▶ _DATASET SECTION_:
-- Opening Marker --
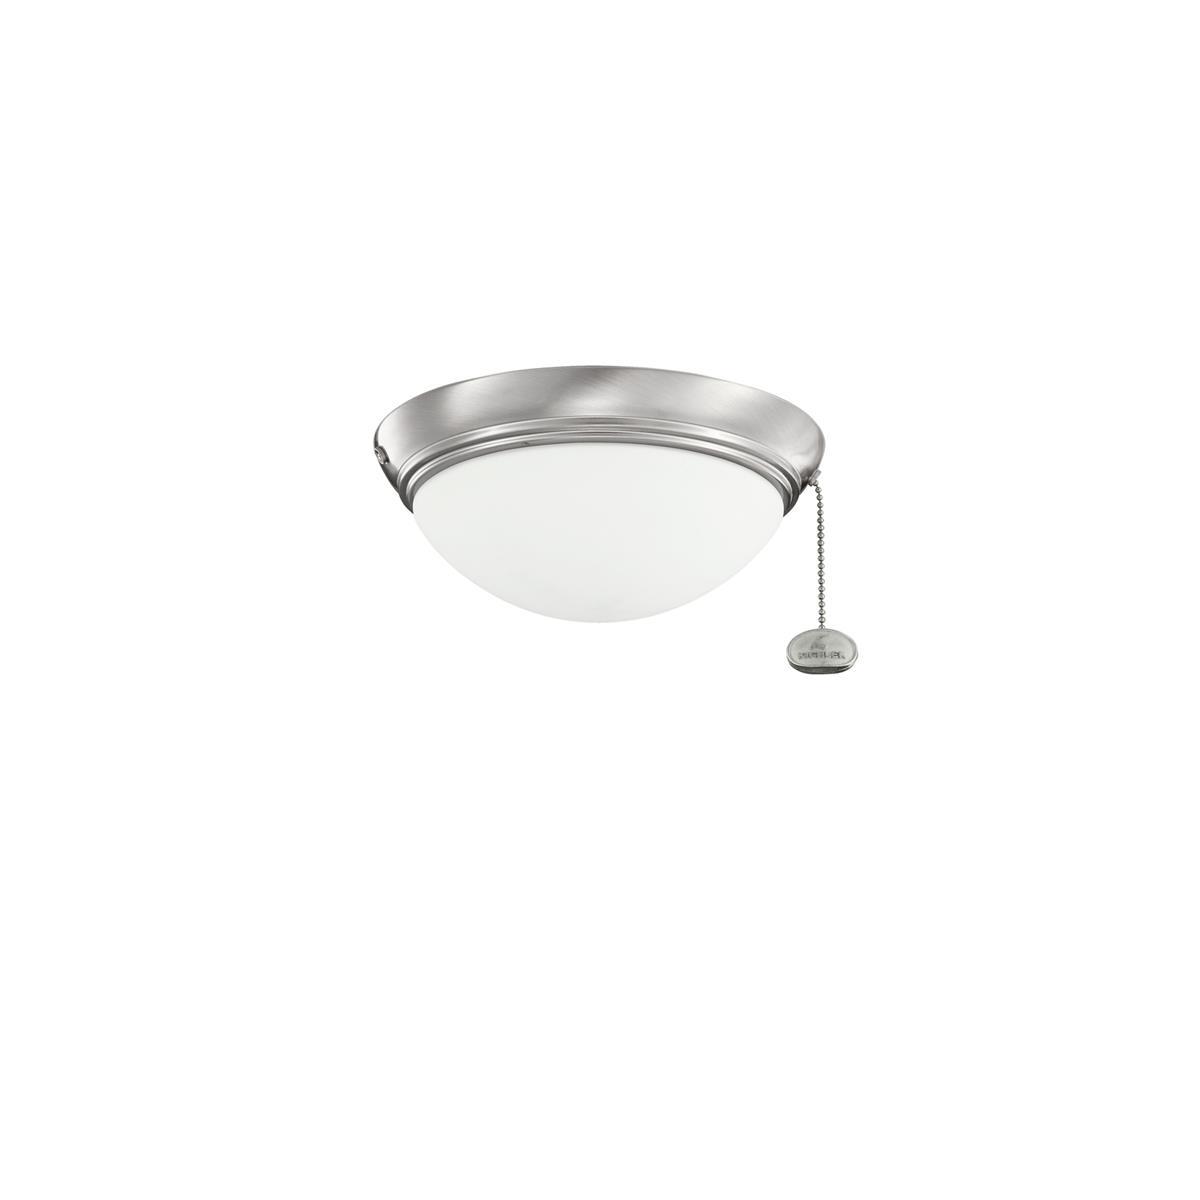 low profile ceiling fan light photo - 8
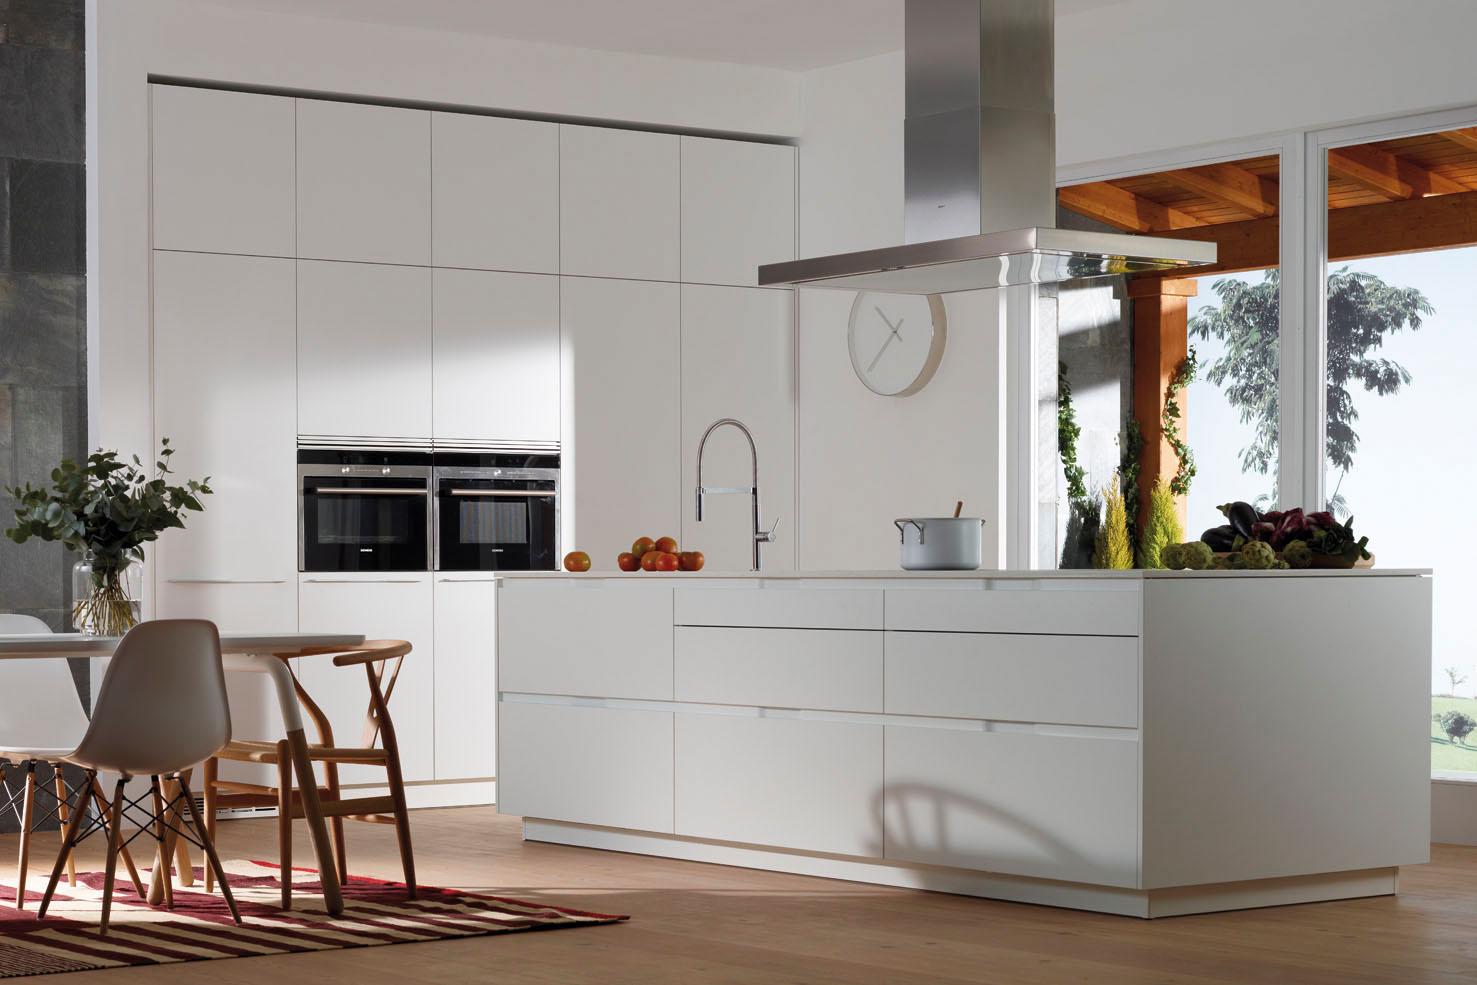 14 cocinas con isla para inspirarte fotos consejos y medidas - Campanas de cocina decorativas ...
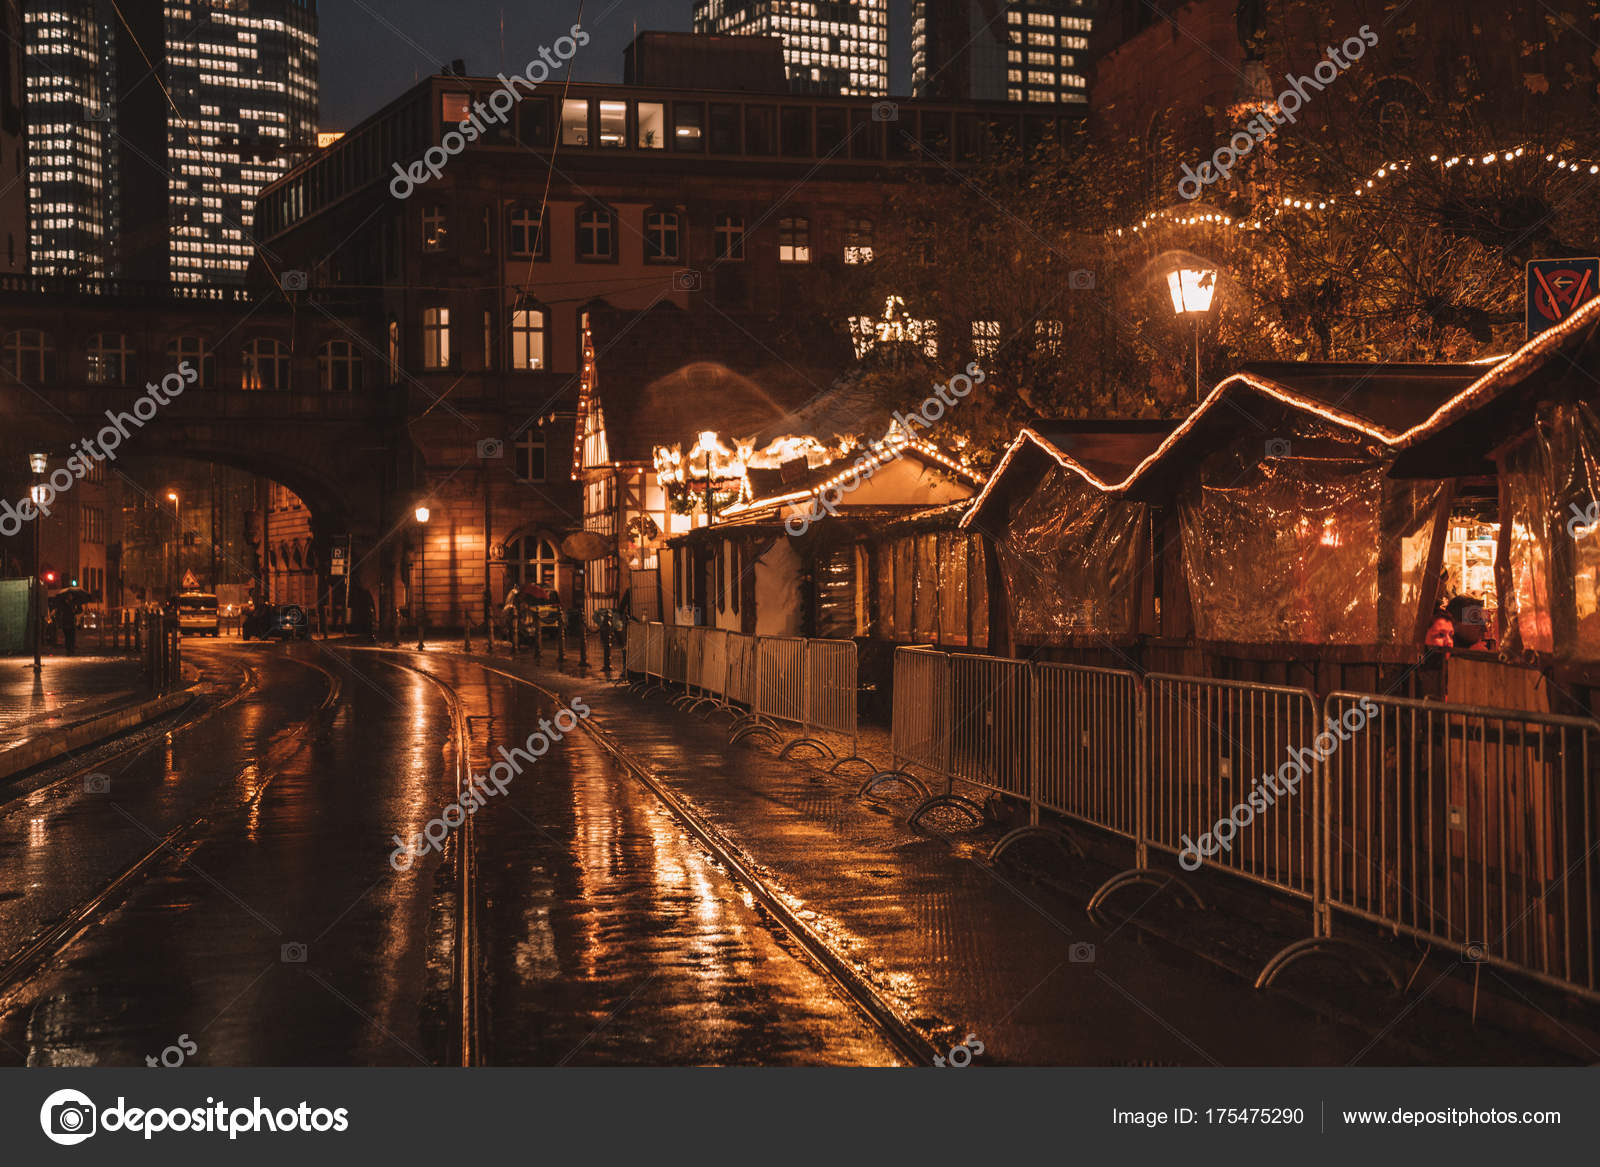 Weihnachtsstimmung Schnee Nacht Markt Feiern Weihnachten Feiertage ...
-- Closing Marker --
▶ _EXERCISE BRIEF_: Please print the data above once more, exactly and without images.

▶ _EXERCISE RESULT_:
 low profile ceiling fan light photo - 8
 14 cocinas con isla para inspirarte fotos consejos y medidas - Campanas de cocina decorativas ...
 Weihnachtsstimmung Schnee Nacht Markt Feiern Weihnachten Feiertage ...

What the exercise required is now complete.